Notes: (1) Getting good CIs by any method can be challenging when the proportion of successes is very near 0 or 1.

(2) The Agresti CI is not just an ad hoc trick. By conflating $1.96$ with $2$s that occur when inverting the test (and ignoring a tiny term) a 95% Agresti CI comes very close to the test-inverted CI, and yet is simple enough to remember.

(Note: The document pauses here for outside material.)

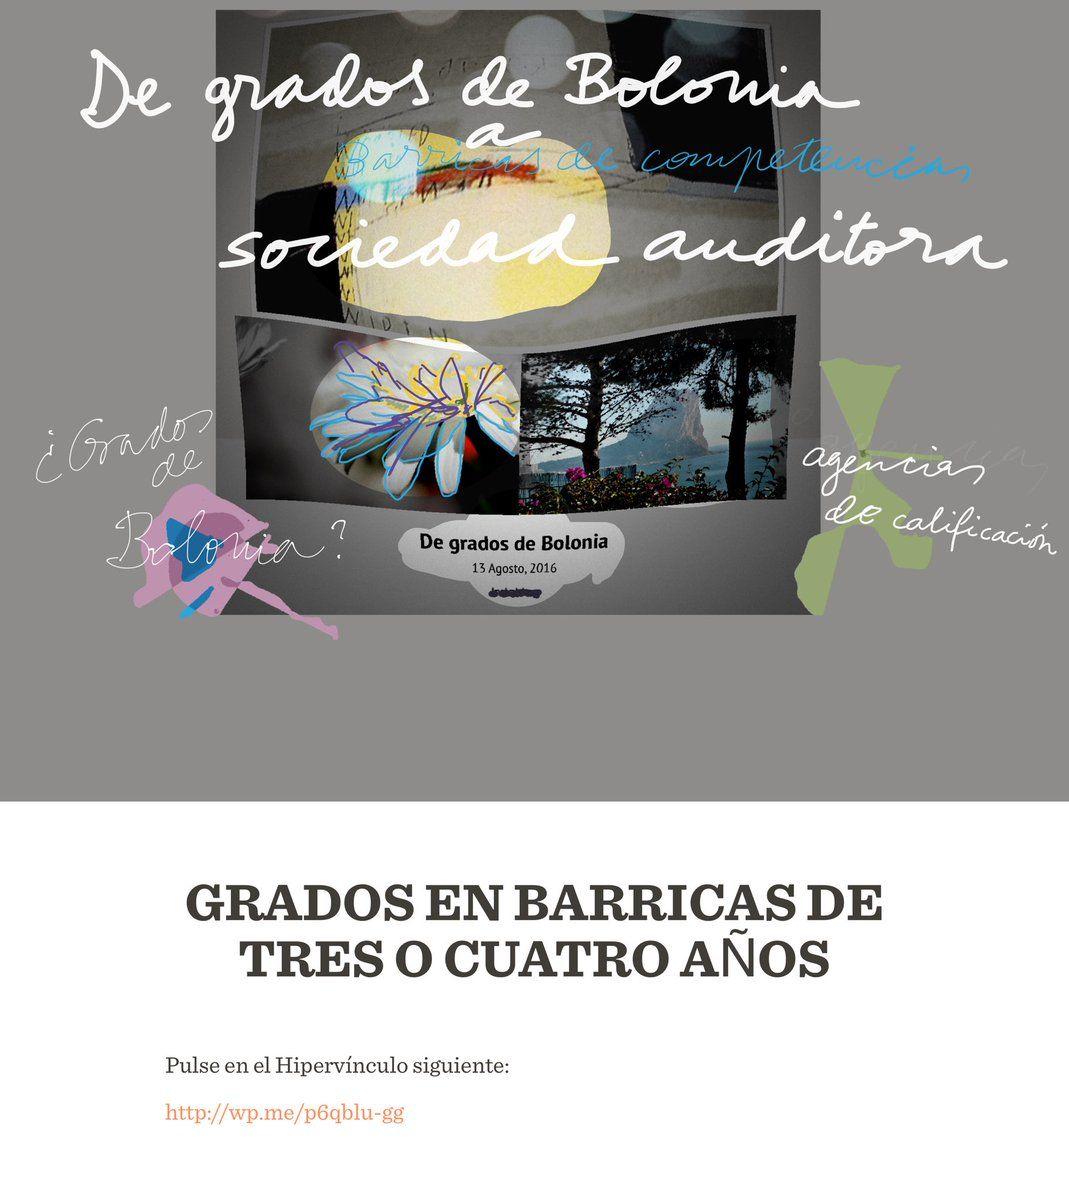 """Luis M Villar Angulo on Twitter: """"#Universidad. De grados de Bolonia a sociedad auditora. Pulse en https://t.co/WEPyK7uviR https://t.co/FERgwhmHJp"""""""
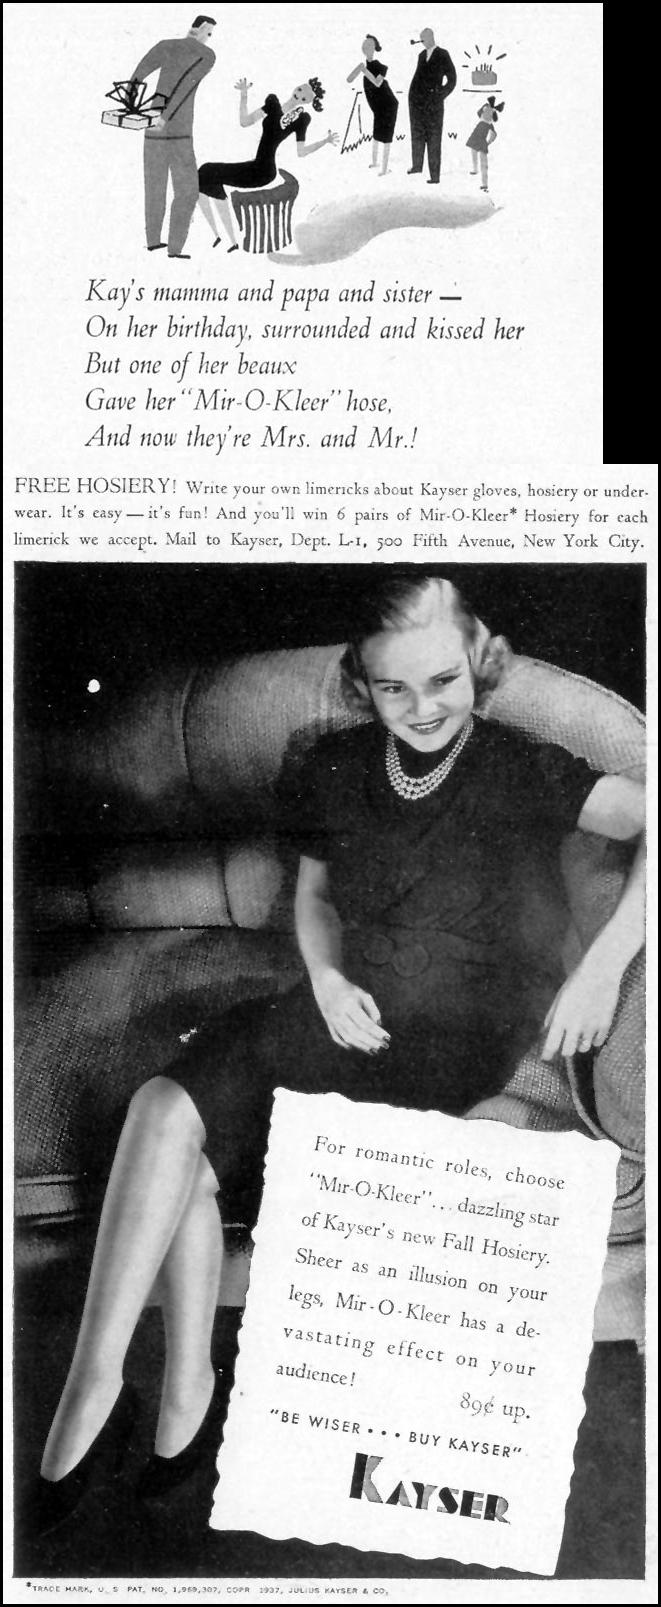 MIR-O-KLEER HOSIERY LIFE 09/20/1937 p. 21

(3) A frequentist re-purposing of a Bayesian probability interval based on a $\mathsf{Unif}(0,1) \equiv \mathsf{Beta}(1,1)$ prior, gives the 95% CI:

qbeta(c(.025,.975), x+1, n-x+1)
## 0.9486549 0.9801114

(4) Perhaps also see this page.

BruceET
  • 52,418
  • Thank you for your clarification regarding the improved performance of Agresti's method. I didn't know it.

    However, your calculated CIs: ## 0.9480839 0.9642857 0.9804876, ## 0.9486549 0.9801114, both differ from the CI reported by prop.test: ## 0.9486551 0.9802085.

    Do you know what calculations prop-test() does to compute the CI?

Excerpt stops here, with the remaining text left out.